Task to complete. The output is a word-for-word repeat of the listing below, free of images.

Dataset extract.
===============
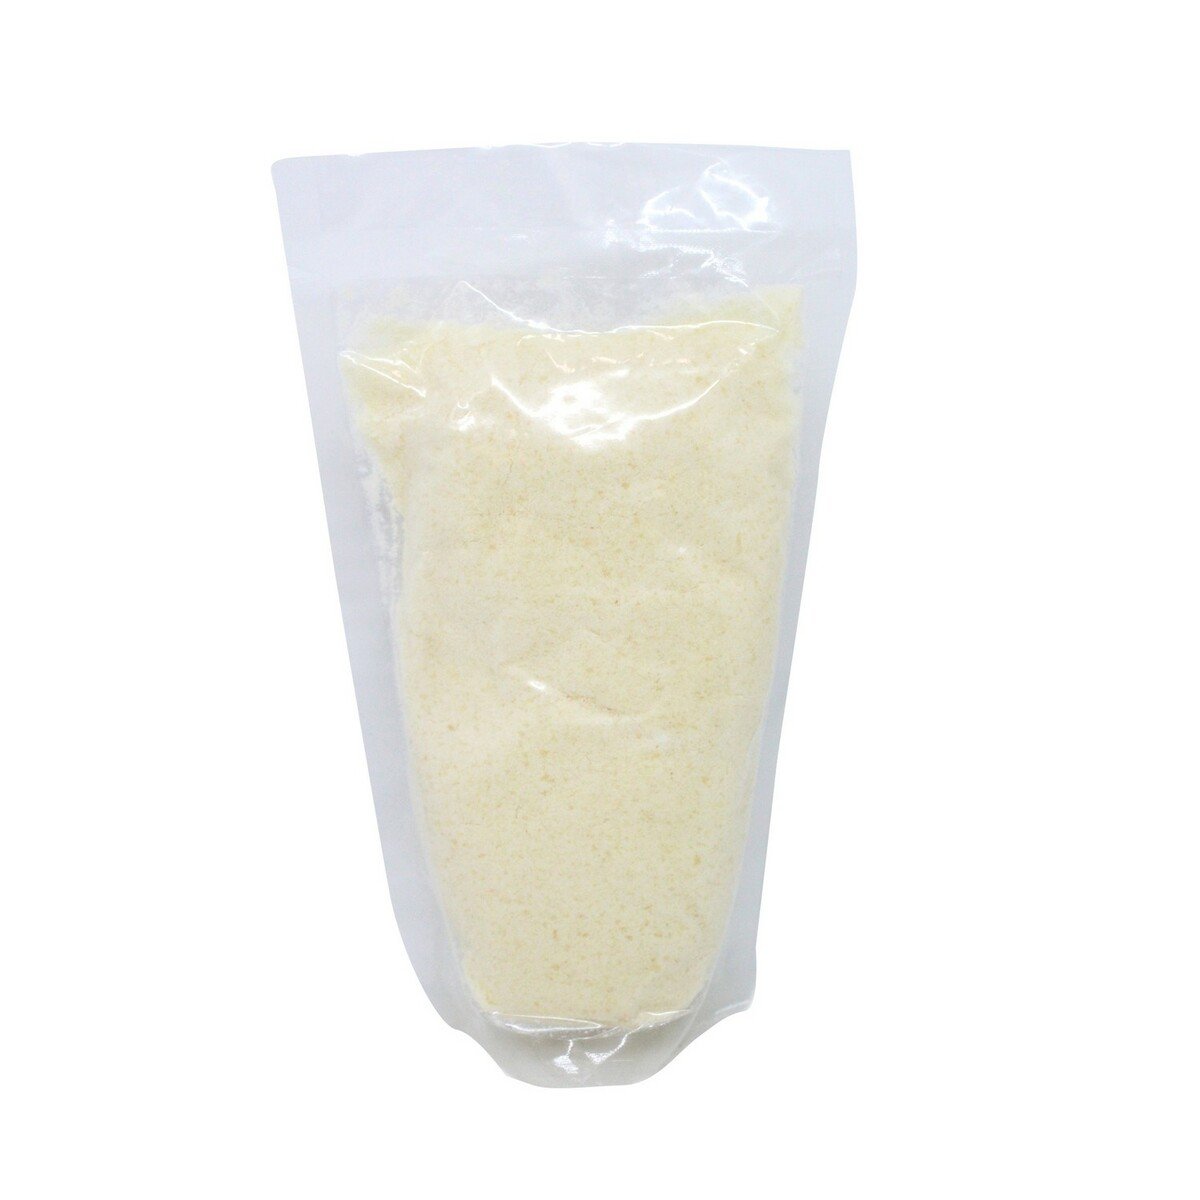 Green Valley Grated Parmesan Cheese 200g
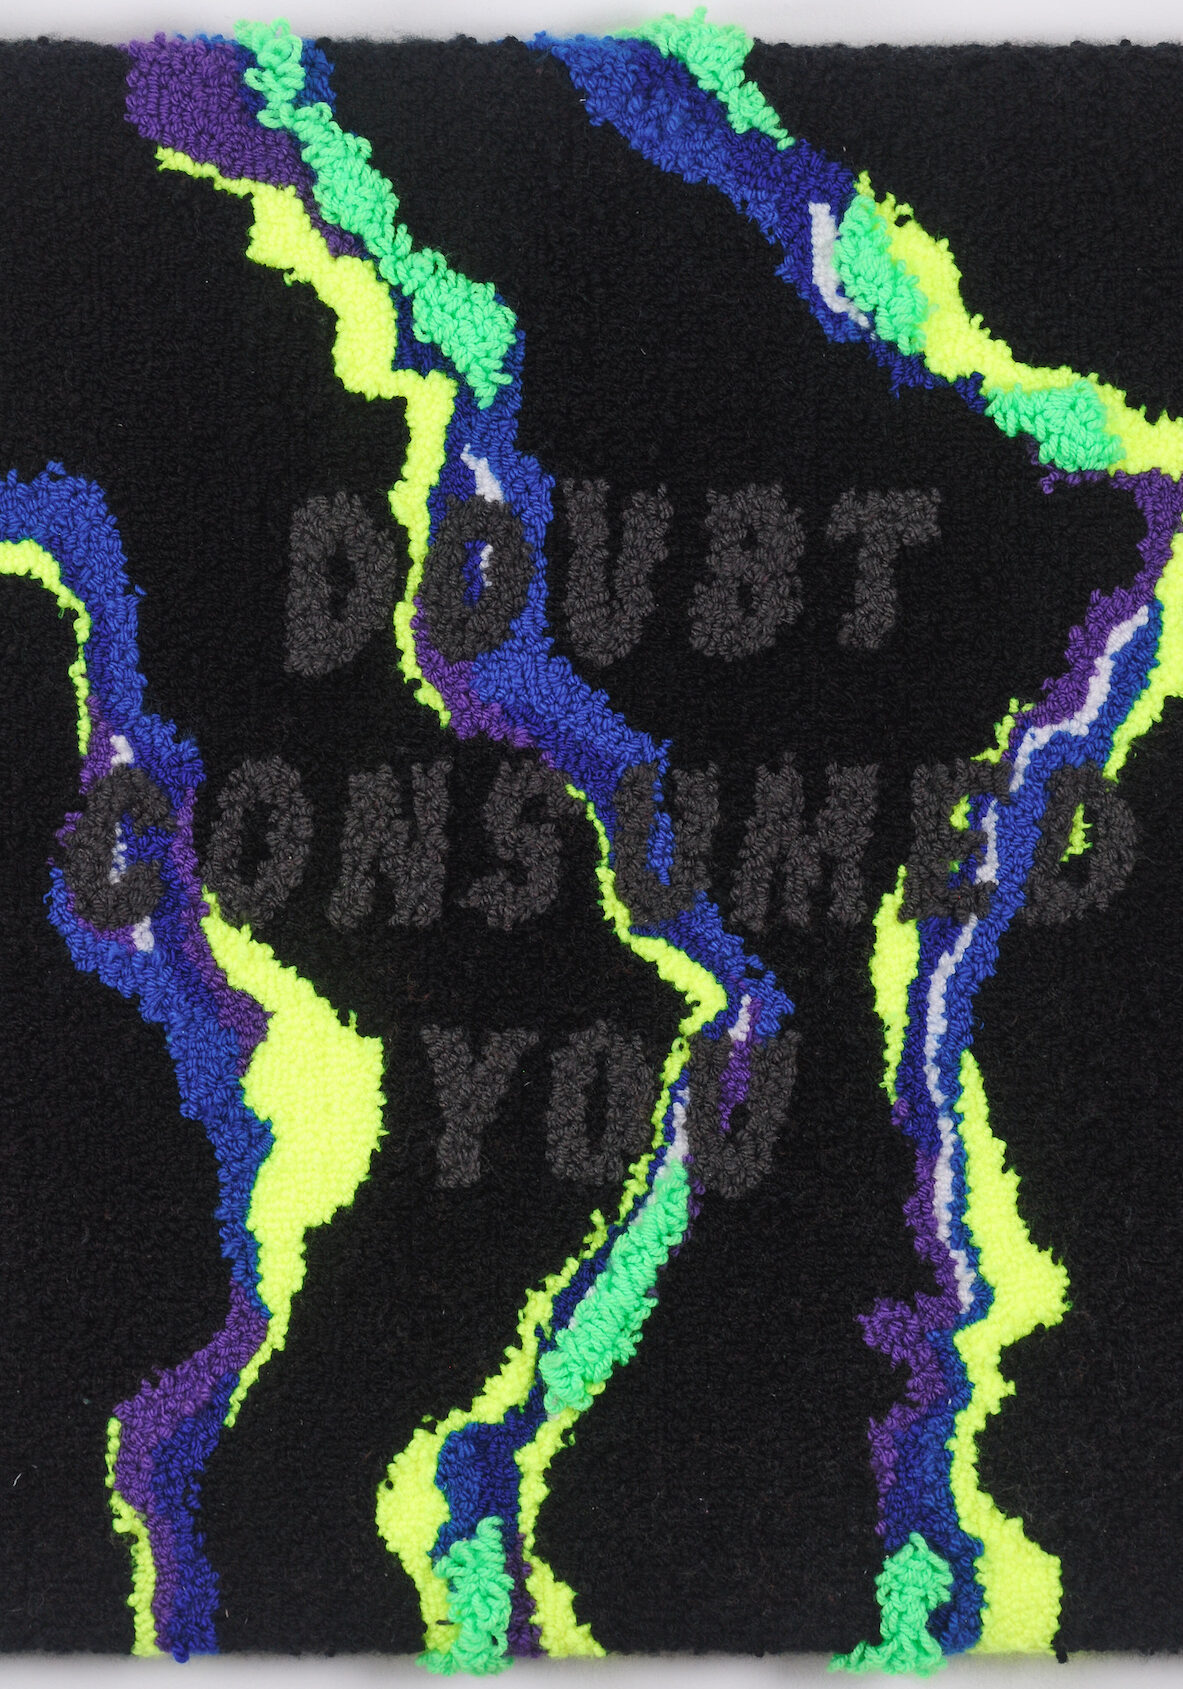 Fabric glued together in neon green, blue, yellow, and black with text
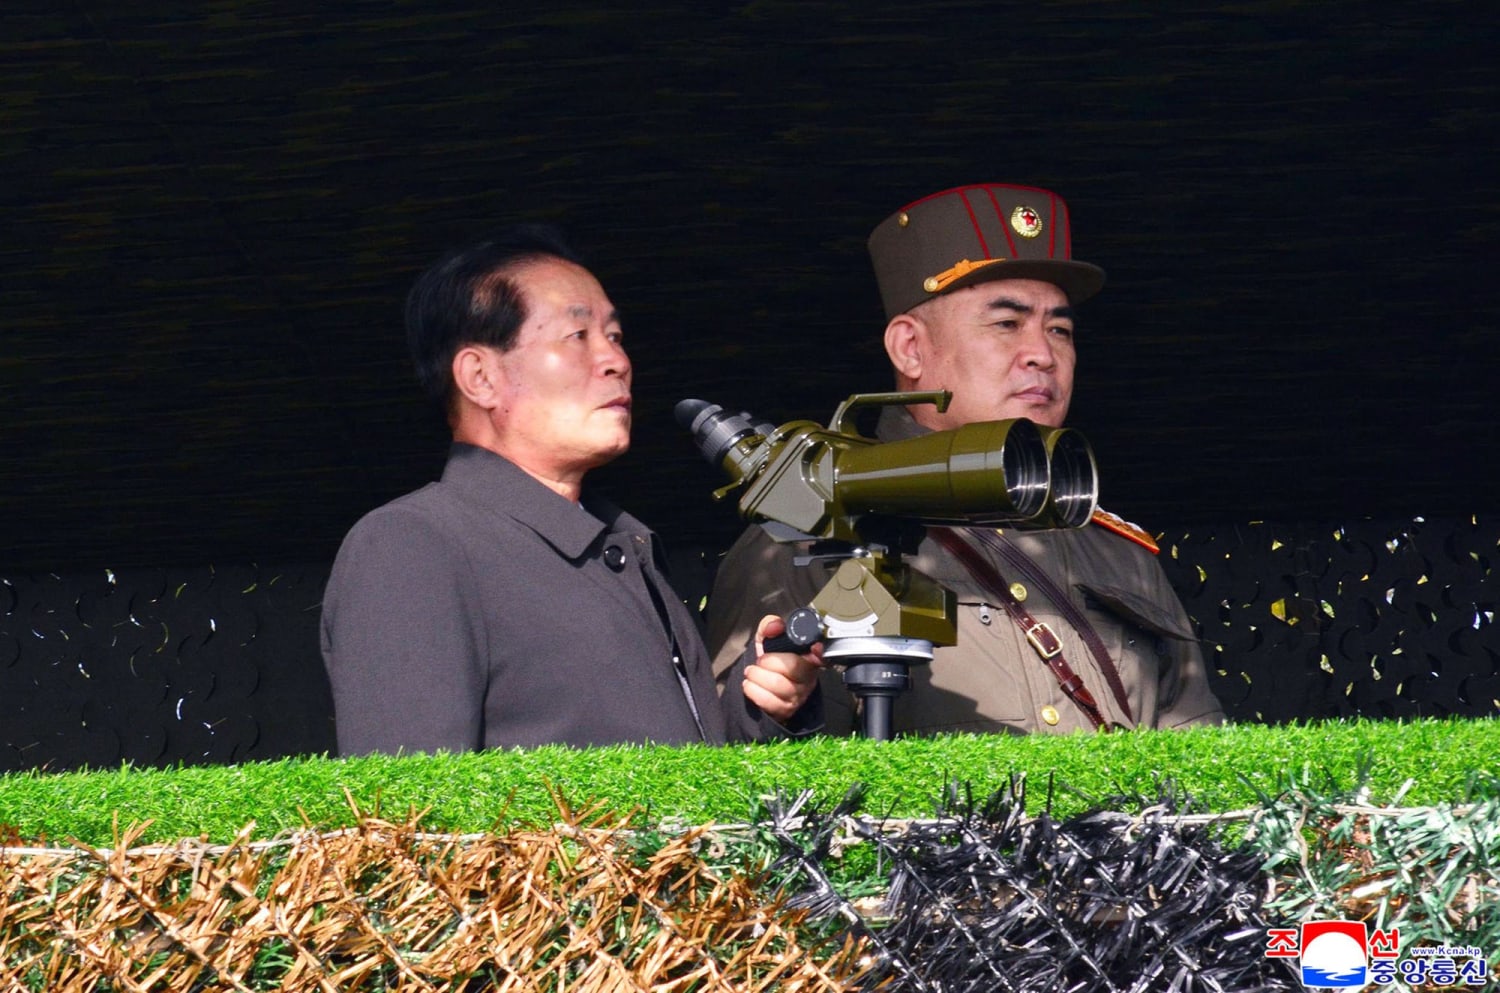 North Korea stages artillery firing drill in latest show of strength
===============
Your response.
 Green Valley Grated Parmesan Cheese 200g
 Fabric glued together in neon green, blue, yellow, and black with text
 North Korea stages artillery firing drill in latest show of strength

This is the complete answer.